Check whether a batch of blocks exist in this tier.

Called from the worker thread — must be synchronous and must not touch the primary tier or scheduler state.

Returns a list parallel to keys: True if present, False if not.

Source code in vllm/v1/kv_offload/tiering/async_lookup.py
@abstractmethod
def batch_lookup(
    self, keys: list[OffloadKey], req_context: ReqContext
) -> Iterable[bool]:
    """
    Check whether a batch of blocks exist in this tier.

    Called from the worker thread — must be synchronous and must not
    touch the primary tier or scheduler state.

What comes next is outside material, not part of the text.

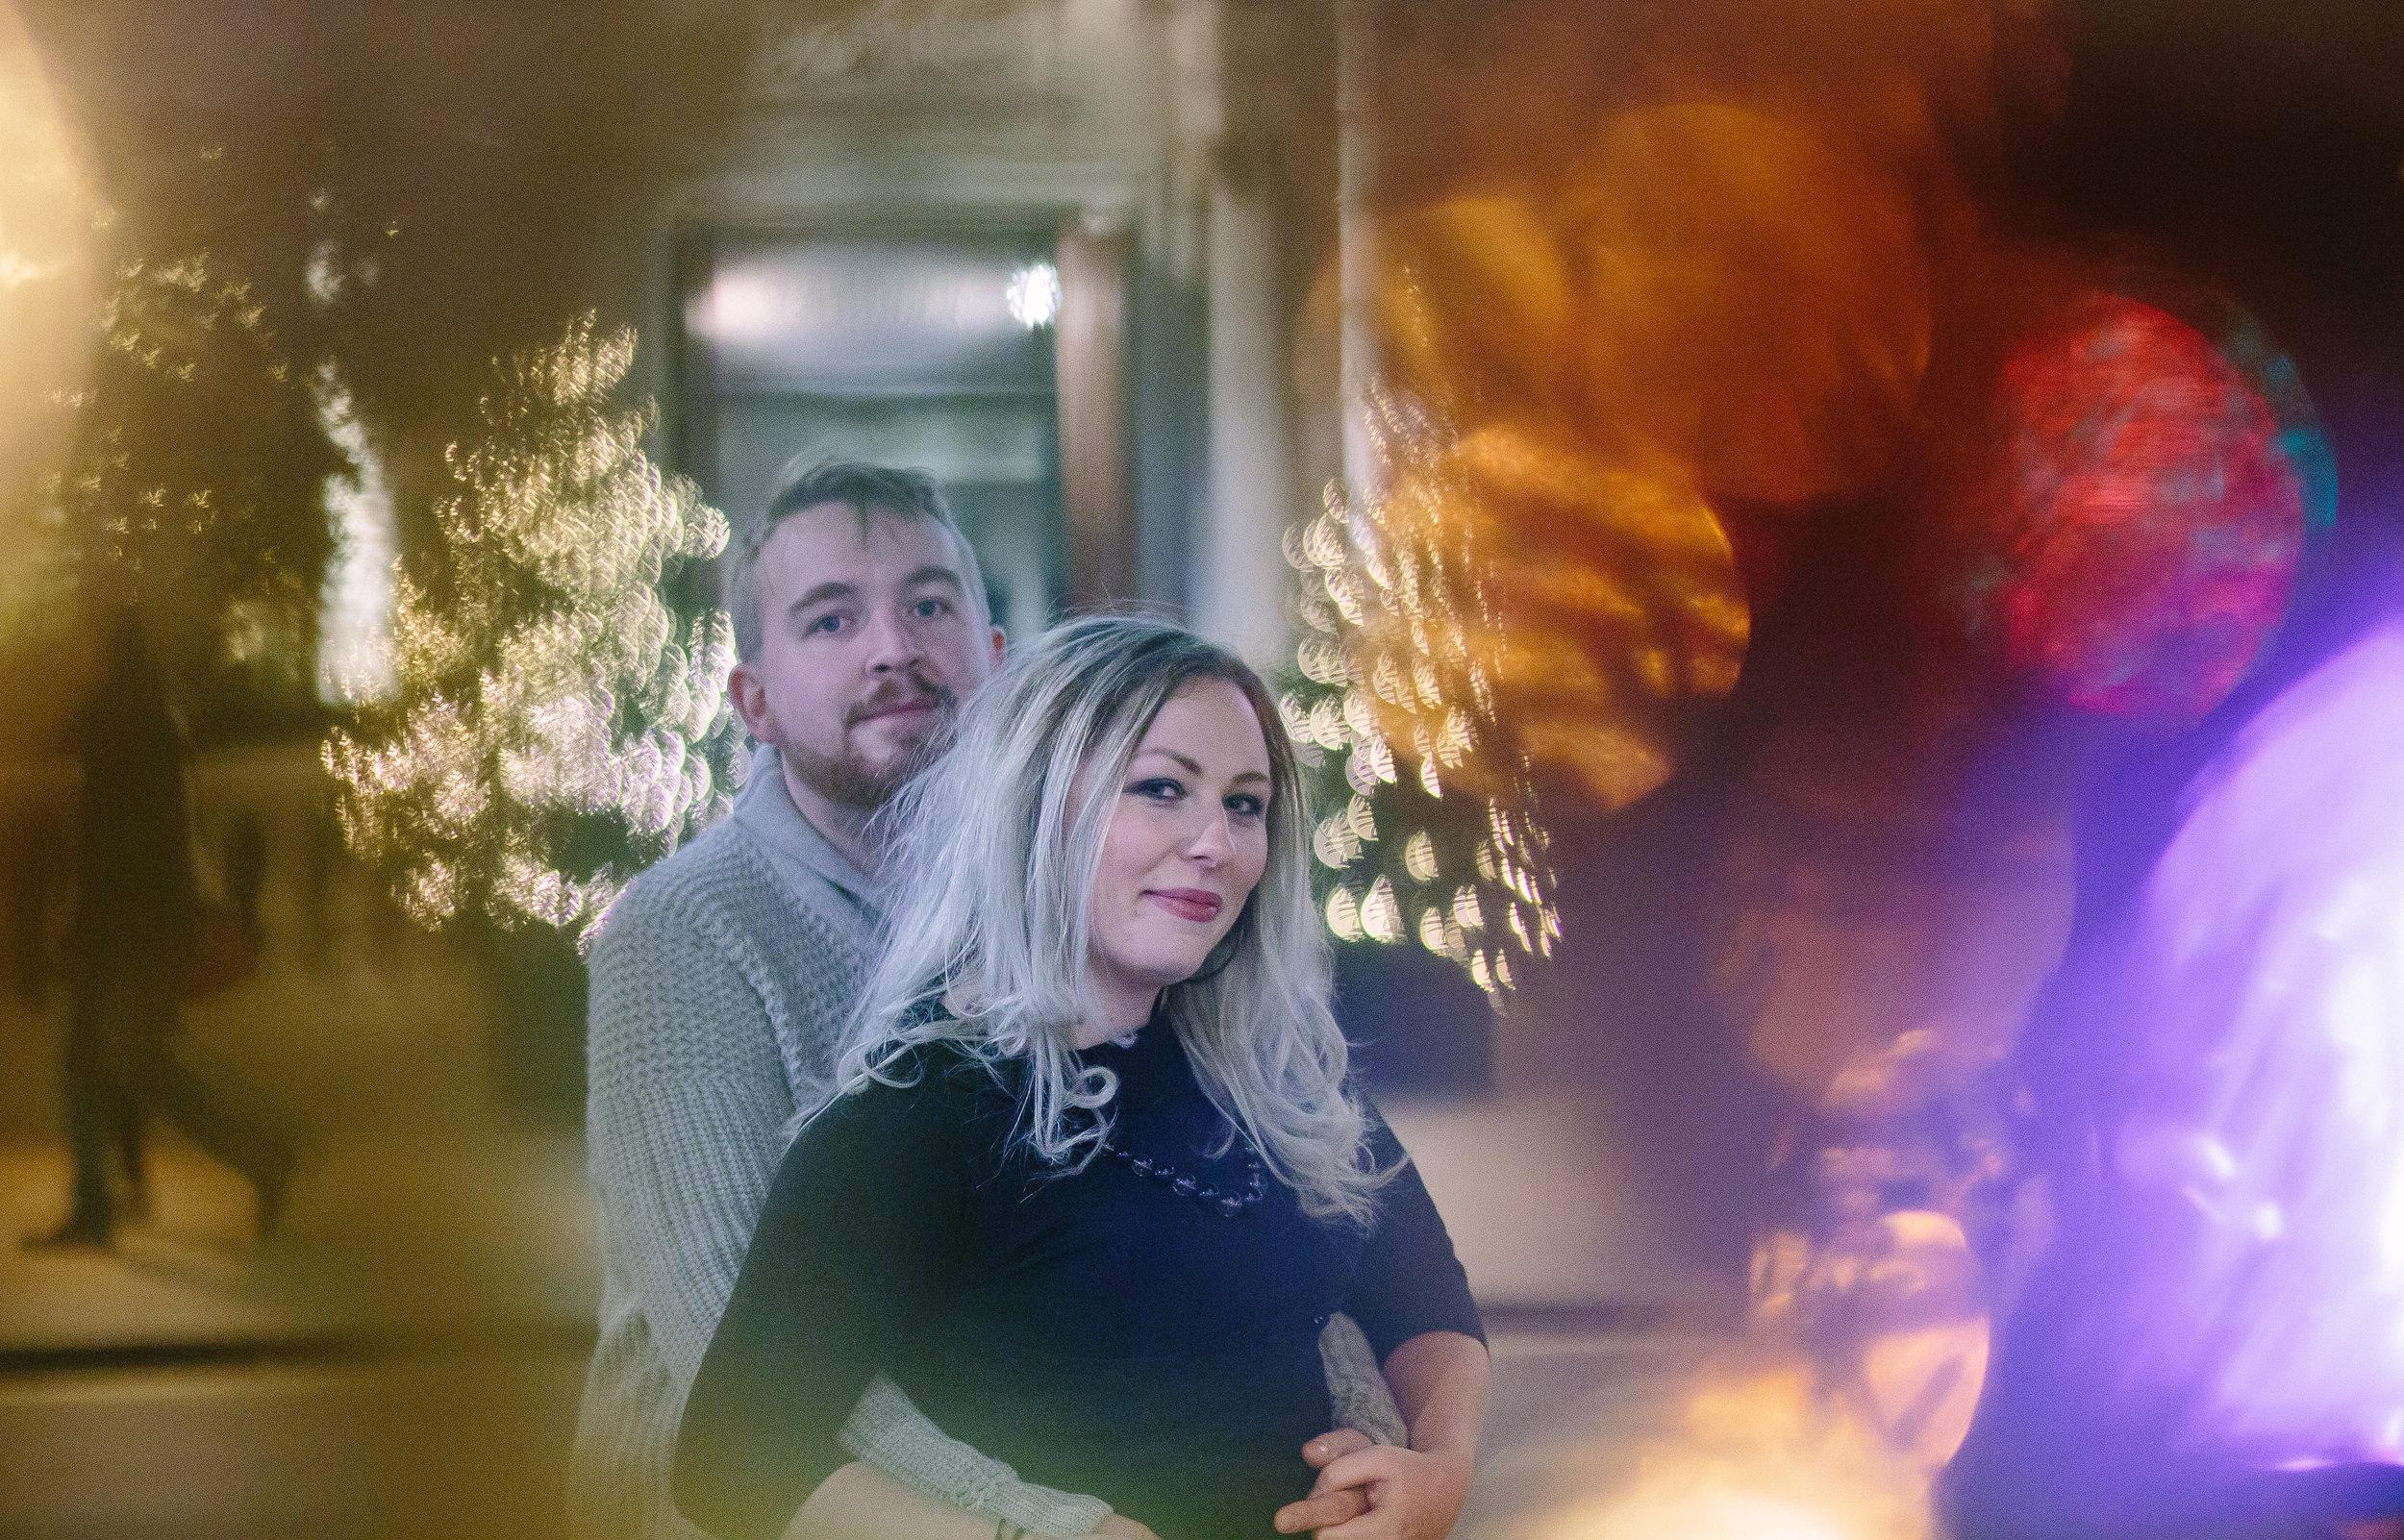 london-oxford-street-christmas-lights-engagement-wedding-photography-14
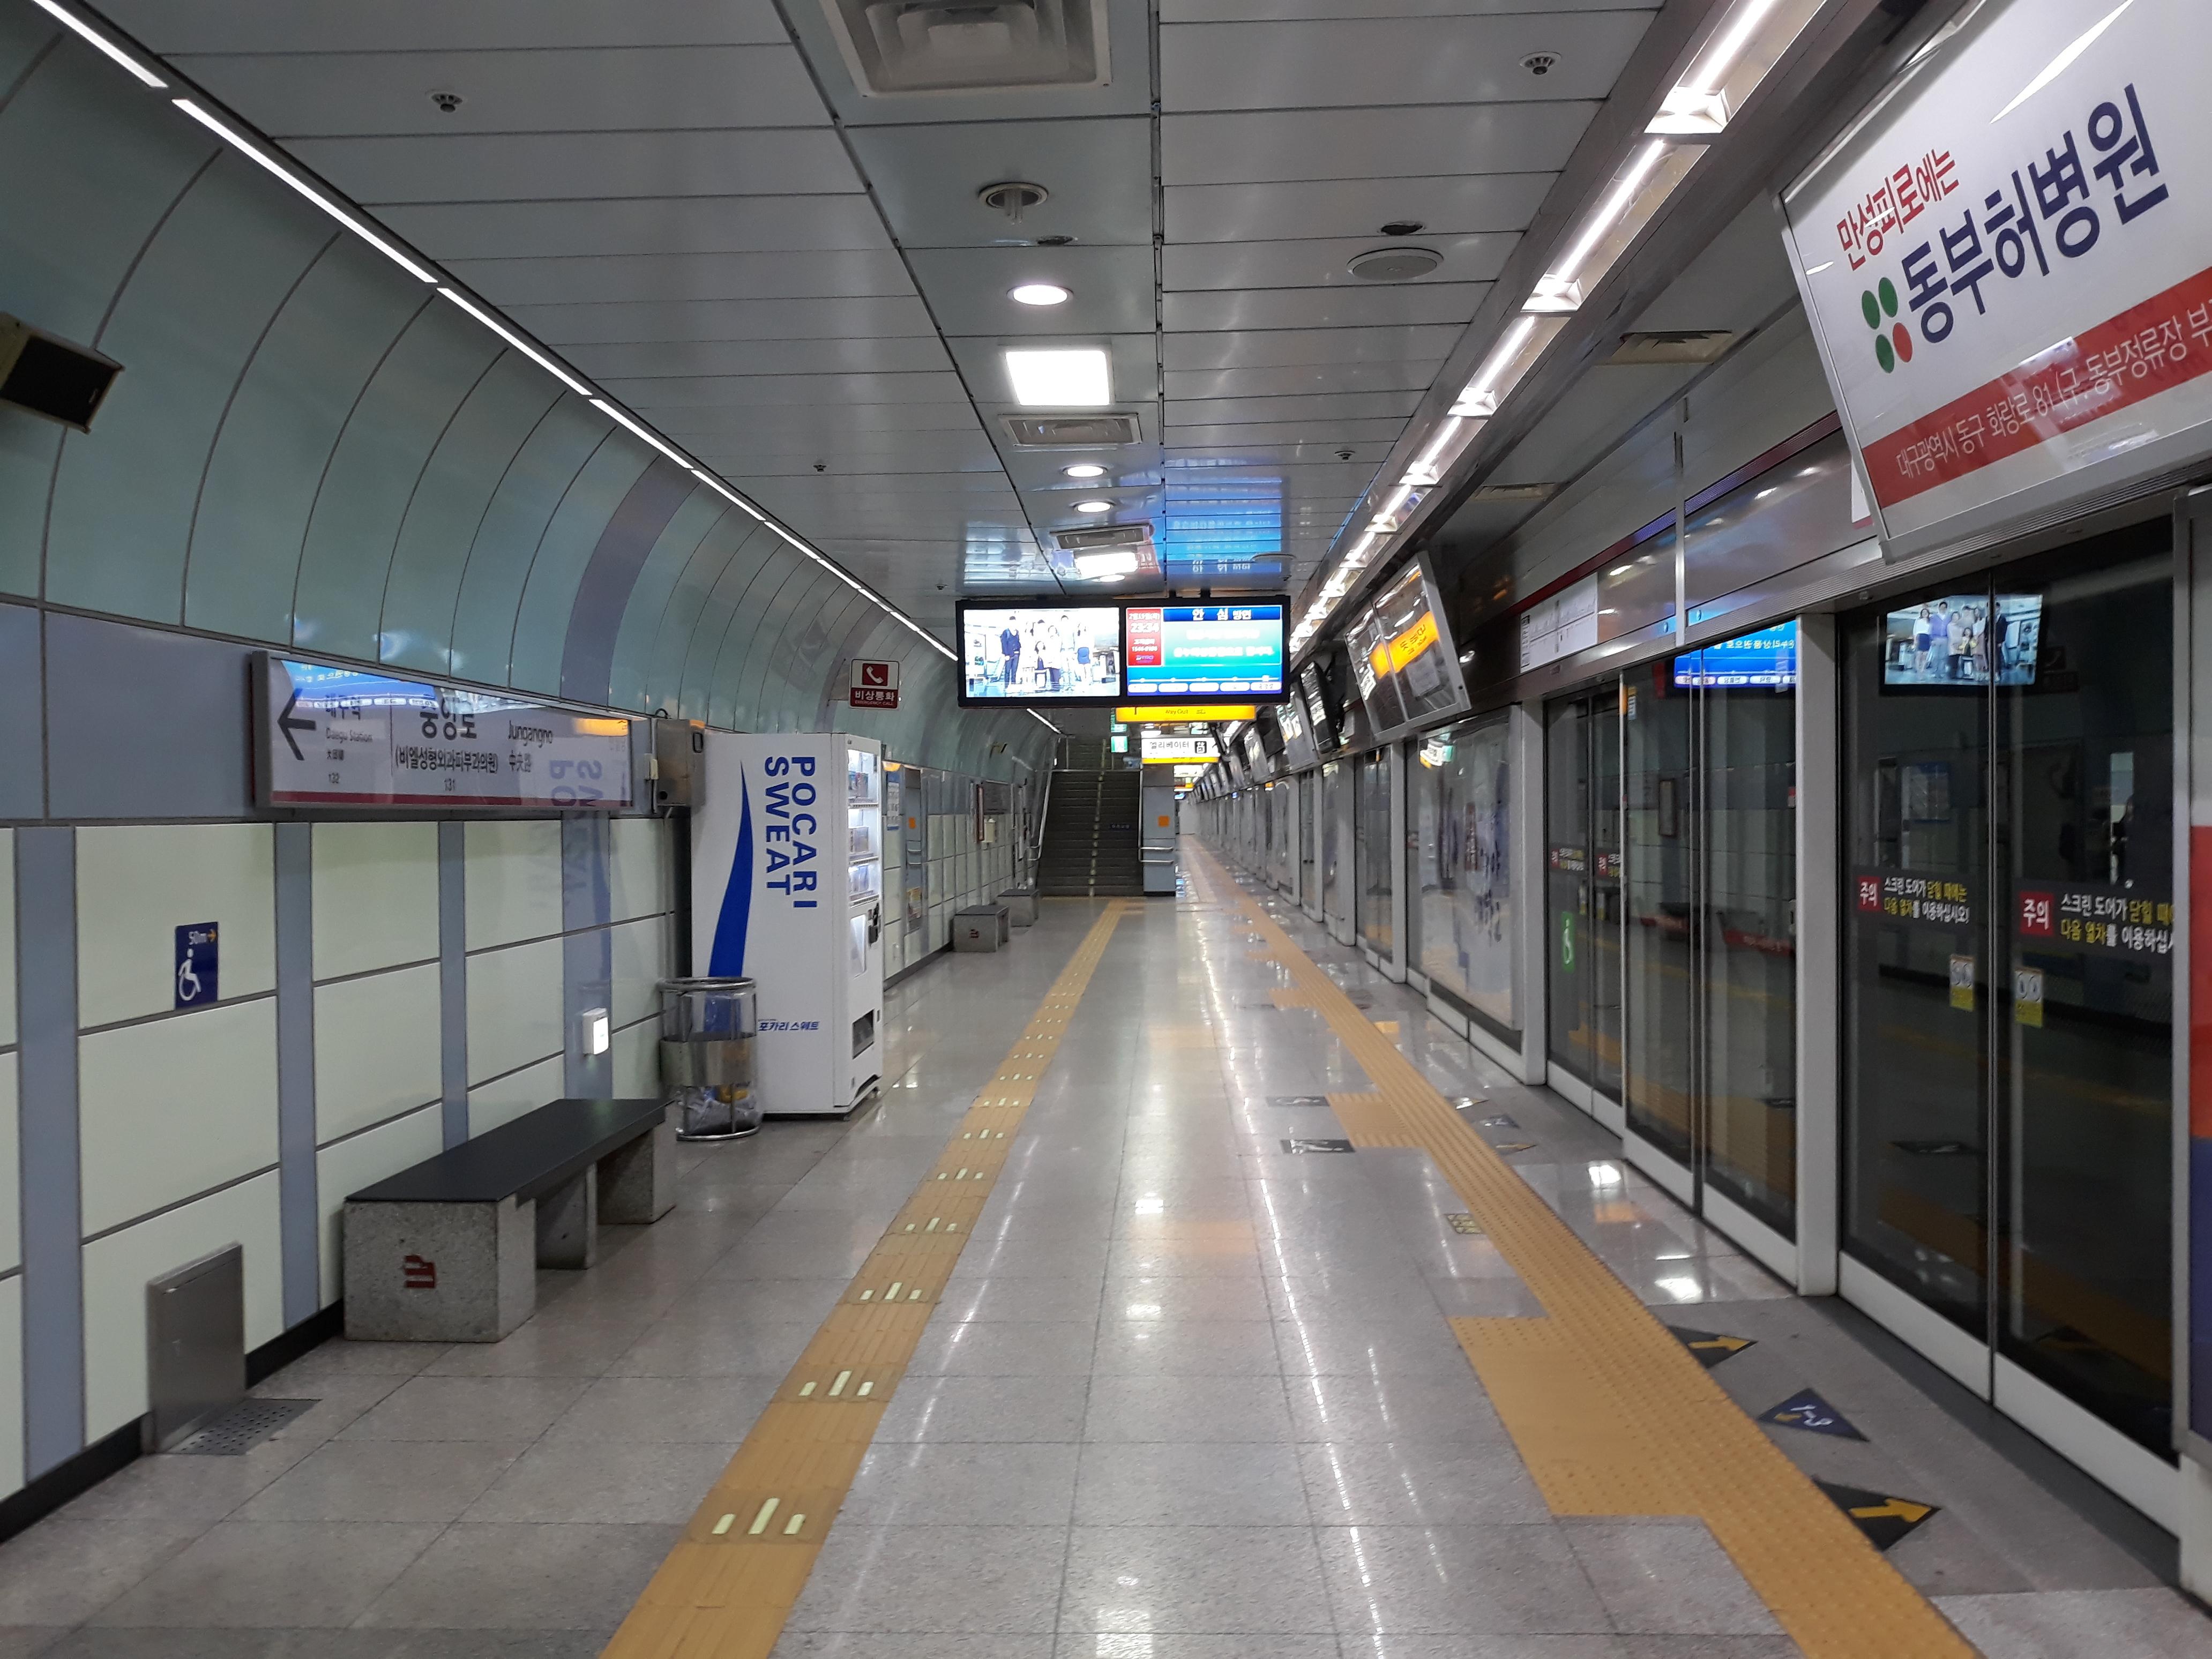 Daegu Jungangno Station 20180215 233453 4114 photo.jpg

    Returns a list parallel to keys: True if present, False if not.
    """
    ...

cleanup(req_id)

Remove entries no longer needed by any active request.

Called from the tier's on_request_finished(). Uses the reverse index to visit only keys associated with this request.

Source code in vllm/v1/kv_offload/tiering/async_lookup.py
def cleanup(self, req_id: str) -> None:
    """Remove entries no longer needed by any active request.

    Called from the tier's on_request_finished(). Uses the reverse
    index to visit only keys associated with this request.
    """
    for key in self._req_keys.pop(req_id, ()):
        state = self._lookup_state[key]
        state.request_ids.discard(req_id)
        if not state.request_ids:
            del self._lookup_state[key]

drain_results()

Apply pending worker results to _lookup_state.

Called from lookup() before checking state.

Source code in vllm/v1/kv_offload/tiering/async_lookup.py
def drain_results(self) -> None:
    """Apply pending worker results to _lookup_state.

    Called from lookup() before checking state.
    """
    while True:
        try:
            batch = self._pending_results.get_nowait()
        except queue.Empty:
            break
        for key, result in batch:
            state = self._lookup_state.get(key)
            if state is not None:
                state.result = result

flush()

Post this step's accumulated keys to the worker thread.

Called once per step from on_schedule_end() after all lookup() calls are done. The worker receives the full batch and processes it during the model-execution window, maximising time available before the next step's drain_results(). Safe to call with an empty batch (no-op).

Source code in vllm/v1/kv_offload/tiering/async_lookup.py
def flush(self) -> None:
    """Post this step's accumulated keys to the worker thread.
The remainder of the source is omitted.